DBSCAN Revisited: Mis-Claim, Un-Fixability, and Approximation

Speaker:        Professor Yufei TAO
                Department of Computer Science and Engineering
                Chinese University of Hong Kong

Title:          "DBSCAN Revisited: Mis-Claim, Un-Fixability, and
                 Approximation"

Date:           Monday, 2 November 2015

Time:           4:00pm - 5:00pm

Venue:          Lecture Theater F (near lifts 25/26), HKUST

Abstract:

DBSCAN is a popular method for clustering multi-dimensional objects. Just
as notable as the method's vast success is the research community's quest
for its efficient computation. The original KDD'96 paper claimed an
algorithm with O(n log n) running time, where n is the number of objects.
Unfortunately, this is a mis-claim; and that algorithm actually requires
O(n^2) time. There has been a fix in 2D space, where a genuine O(n log
n)-time algorithm has been found. Looking for a fix for dimensionality d
>= 3 is currently an important open problem.
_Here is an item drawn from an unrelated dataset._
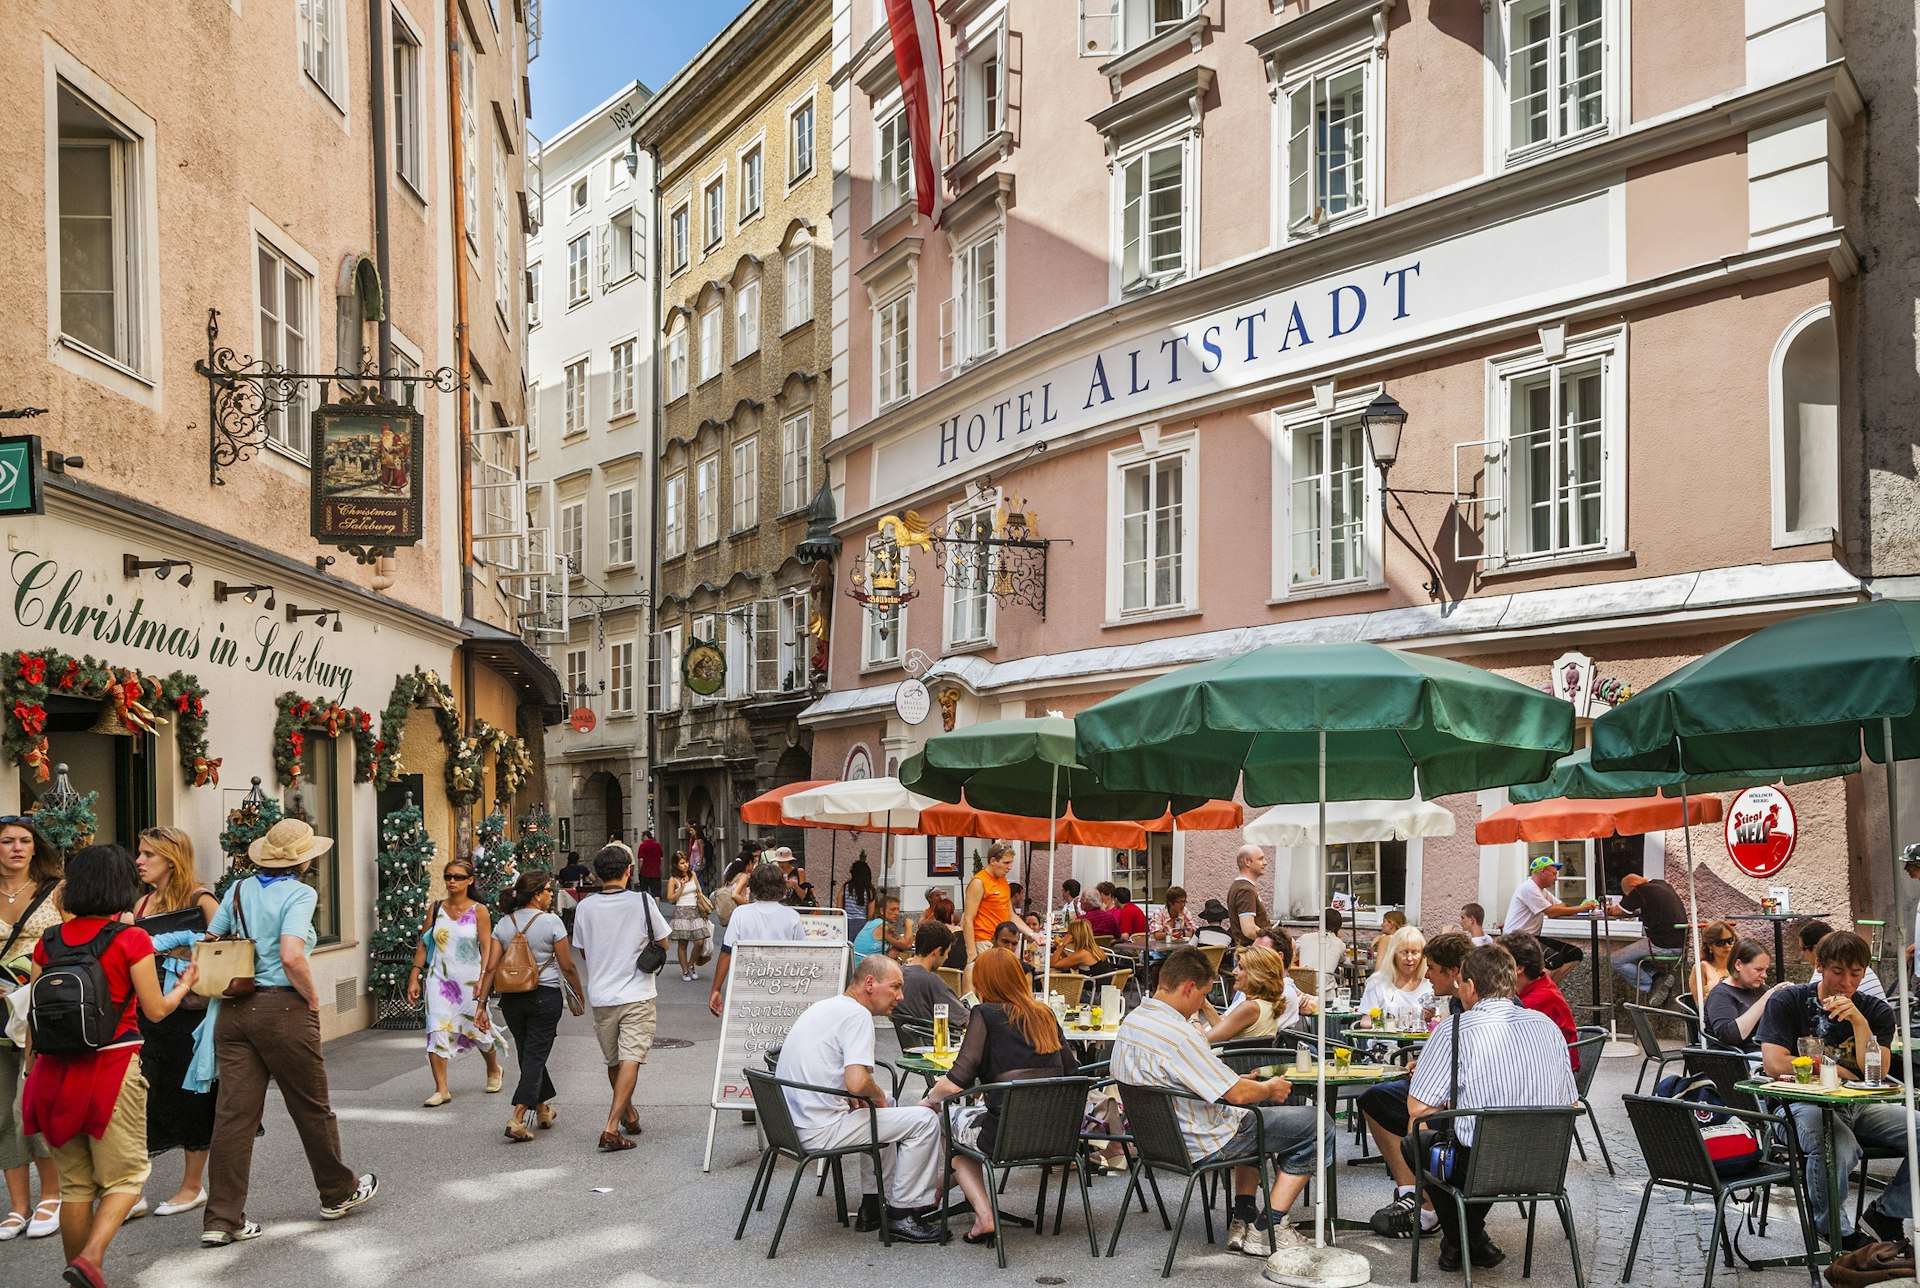 People sit at outdoor dining tables on the pedestrianized street of Salzburg's Old Town

In this talk, we will show that for d >=3, the DBSCAN problem requires
Omega(n^{4/3}) time to solve, unless very significant breakthroughs --
ones widely believed to be impossible -- could be made in theoretical
computer science. This (i) explains why the community's search for fixing
the aforementioned mis-claim has been futile for d >= 3, and (ii)
indicates (sadly) that all DBSCAN algorithms must be intolerably slow even
on moderately large n in practice. We will also show that the running time
can be dramatically brought down to O(n) in expectation regardless of the
dimensionality d, as soon as slight inaccuracy in the clustering results
is permitted.

**********************
Biography:

Yufei TAO is a full professor in the Department of Computer Science and
Engineering, Chinese University of Hong Kong. He served as an associate
editor of ACM Transactions on Database Systems (TODS) from 2008 to 2015,
and of IEEE Transactions on Knowledge and Data Engineering (TKDE) from
2012 to 2014. He served as a PC co-chair of International Conference on
Data Engineering (ICDE) 2014, and of International Symposium on Spatial
and Temporal Databases (SSTD) 2011. He received the best paper award at
SIGMOD 2013 and also at SIGMOD 2015. He also received a Hong Kong Young
Scientist Award in 2002.